Determine whether each statement is true or false. If the statement is false, make the necessary change(s) to produce a true statement. The sequence \(1,4,8,13,19,26, \ldots\) is an arithmetic sequence.

Short Answer

Expert verified
The statement 'The sequence \(1,4,8,13,19,26, \ldots\) is an arithmetic sequence' is false. The correct version would be: 'The sequence \(1,4,8,13,19,26, \ldots\) is not an arithmetic sequence.'

Step by step solution

01

Calculate differences between consecutive terms.

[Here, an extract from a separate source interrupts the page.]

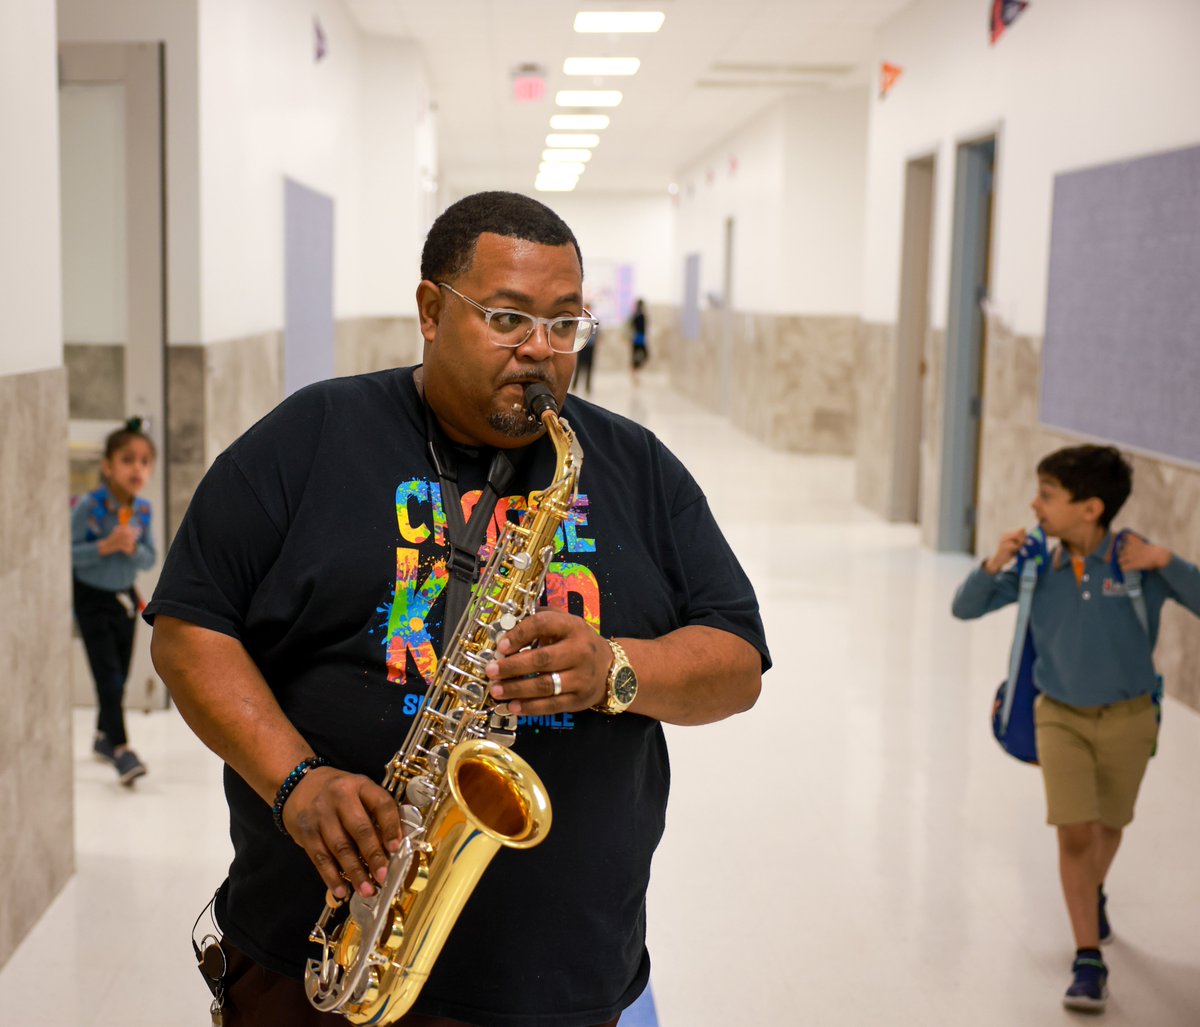 Mr. Buyckes, the music teacher at Harmony Science Academy-Cypress, gets the students dancing in the mornings with his saxophone playing as they arrive for another day of school.🎵🎶🎷

Take the second term and subtract the first term, then the third term and subtract the second term, and so on until the last given term. This yields the sequence of differences \(4-1, 8-4, 13-8, 19-13, 26-19\) which simplifies to \(3, 4, 5, 6, 7\).
02

Compare differences.

Compare the differences obtained from Step 1. In this case, the differences are \(3, 4, 5, 6, 7\) which are not the same.
03

Make conclusions and amend statement if necessary.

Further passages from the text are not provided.